Registry and Chambers:
Nerma Jelačić, Head of Communications, made the following statement:
The Appeals Hearing in the trial of Momčilo Perišić was held yesterday. Perišić, a former Chief of the General Staff of the Yugoslav Army, was sentenced to 27 years’ imprisonment on 6 September 2011 for crimes against humanity and war crimes committed in Bosnia and Herzegovina and Croatia. The Prosecution did not file an appeal against the sentence whilst the Defence asked that he be acquitted on all grounds. The Defence’s Appeal Brief is available online. The Judgement will be rendered in due course.
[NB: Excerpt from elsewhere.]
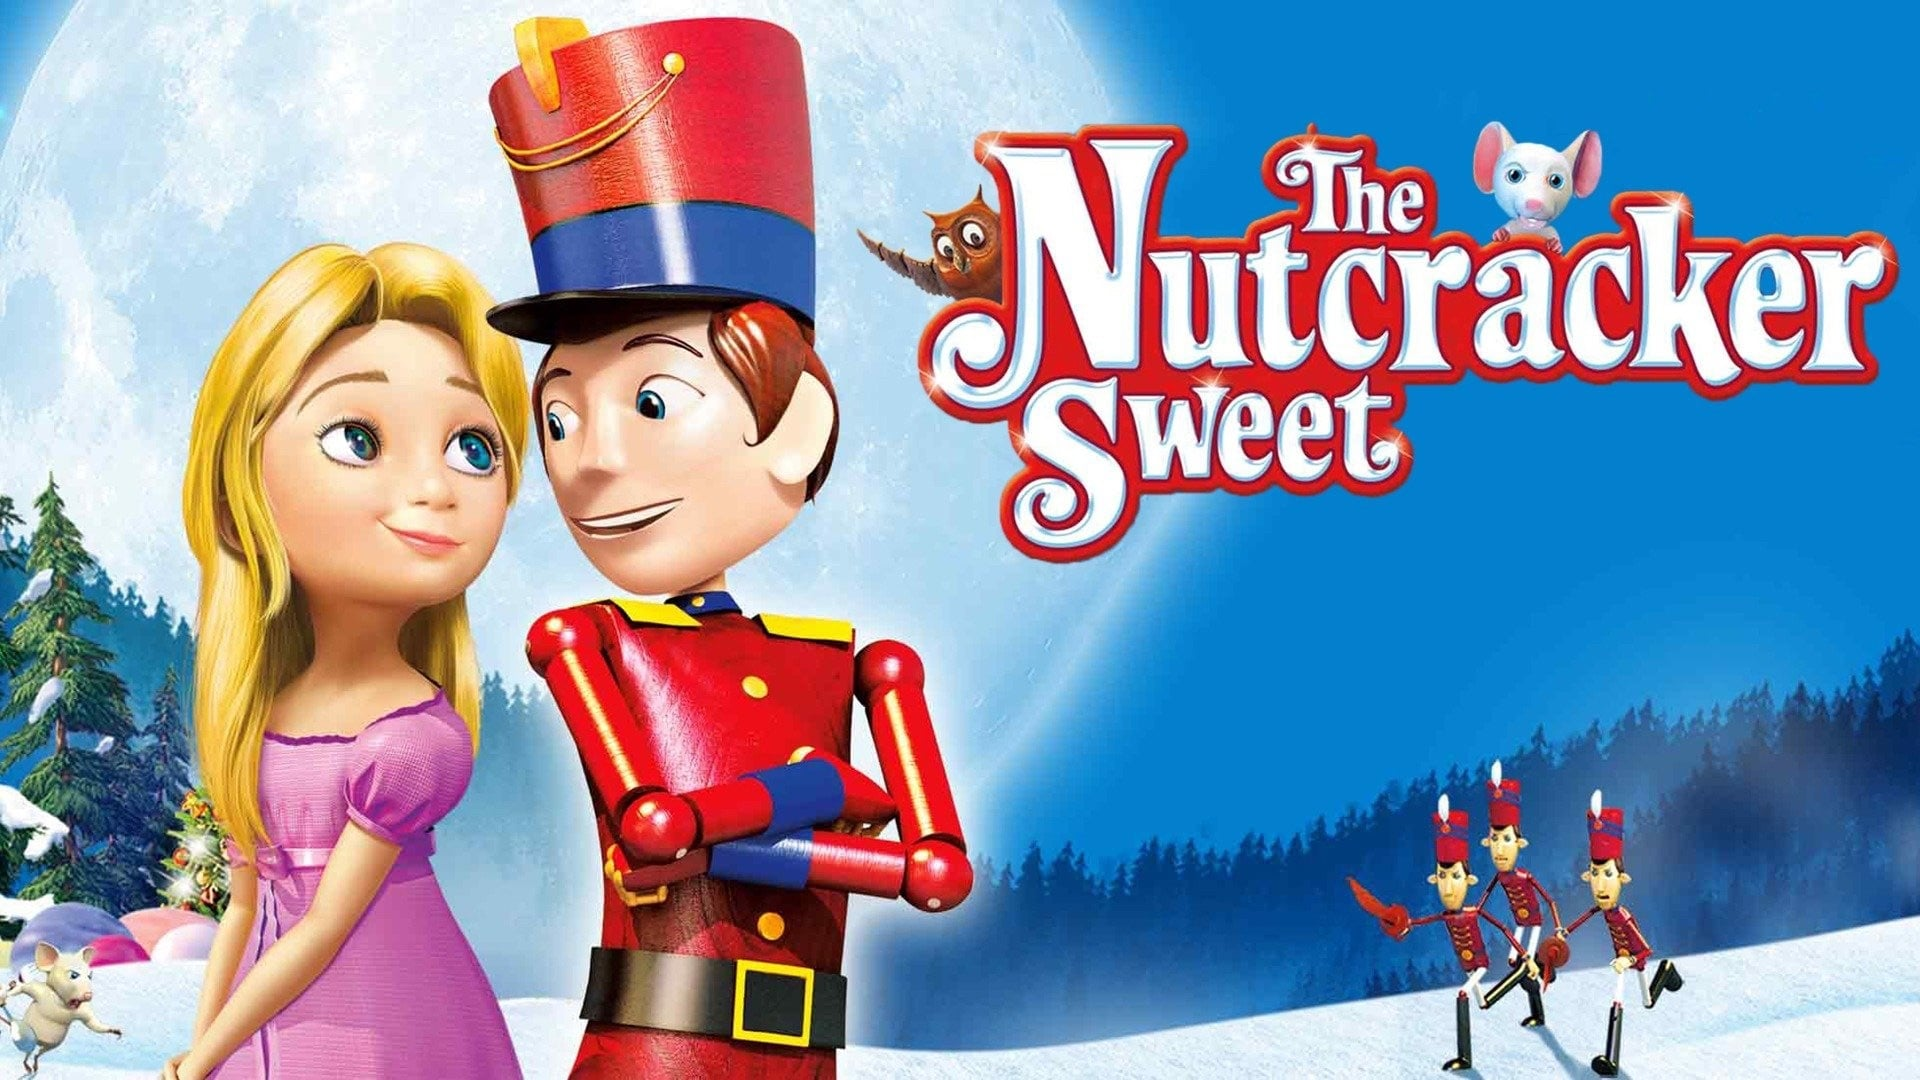 The Nutcracker Sweet

Proceedings in the trials of Goran Hadžić, Radovan Karadžić and Ratko Mladić continue this week and next as scheduled:
In the trial of Goran Hadžić, the Chamber is currently hearing the testimony of Borivoje Savić, who is the third witness to be called by the Prosecution since the trial started on 16 October. Savić was one of the officials of the Serbian Democratic Party in Croatia.
In the trial of Radovan Karadžić, Defence expert witness Derek Allsop is testifying about the “Markale 1” shelling incident in Sarajevo in February 1994. Allsop is a mechanical engineer from the United Kingdom. He is the 10th witness to be called by Karadžić.
Muhamed Kapetanović is currently testifying in Ratko Mladić’s case. His testimony relates to the events in Sarajevo and the injuries he sustained as a nine year old boy following a shelling in 1994. He is the 37th witness to be called by the Prosecution to testify in person.
Before concluding, I would like to bring to your attention a series of legacy conferences that will be held in the course of November in the former Yugoslavia. The first conference will be held in Sarajevo on Tuesday, 6 November; which will be followed by a conference in Zagreb on Thursday, 8 November. The last conference will be held in Belgrade on Thursday, 22 November.
The aim of the conferences is to provide an opportunity for stakeholders from the the former Yugoslavia to meet and discuss the Tribunal’s contribution to transitional justice in the region. The conferences will provide a platform for the wider community to take stock of the Tribunal’s achievements. Participants will be able to share their thoughts on what the Tribunal’s legacy should be and how it should be reinforced.
Journalists are cordially invited to cover the conferences. Further information is available online.
Office of the Prosecutor:
Frederick Swinnen, Special Advisor to the Prosecutor, made no statement.
Asked what the future plans concerning the ICTY archives were, Nerma Jelačić said that the Tribunal had been working actively on the archives issue. She emphasised that it was very important to differentiate between the official archives of the Tribunal and the accessibility of court related material to the public. She explained that the decision of the final location of the archives of the Tribunal lies with the UN Secretary General. She added that, for now, the archives will be in the custody of the Mechanism for International Criminal Tribunals, the body that was set up to finish the work of the ICTY and ICTR.
Jelačić further said that, over the last two years, the Tribunal had looked into the possibility of establishing information centres across the former Yugoslavia. These centres would hold copies of the Tribunal’s judicial archives and make them accessible not only to the general public but also to specific and professional bodies interested in the work of the Tribunal. She explained that the Tribunal would continue to work with partner organisations at both international and local levels on this particular issue under the auspices of President Meron. She stressed that the official archives of the Tribunal would remain with the Mechanism for the International Criminal Tribunals until another decision was made by the UN.
Jelačić added that whilst the Tribunal’s Information Centers are primarily concerned with providing access to the archives to those most affected by its work, the citizens of the former Yugoslavia, the ICTY is currently working with a number of other international institutions on providing them access to public records of the archives so that they can be used in future projects.
Frederick Swinnen added that the Office of the Prosecutor was already working closely with national prosecutors who need access to the documents of the Office of the Prosecutor for their ongoing cases. He explained that this is done either through requests coming from the region or through their liaison representatives in The Hague. He emphasised that whilst a decision on the future location of the archives is pending, non confidential Court documents are already available to the public electronically.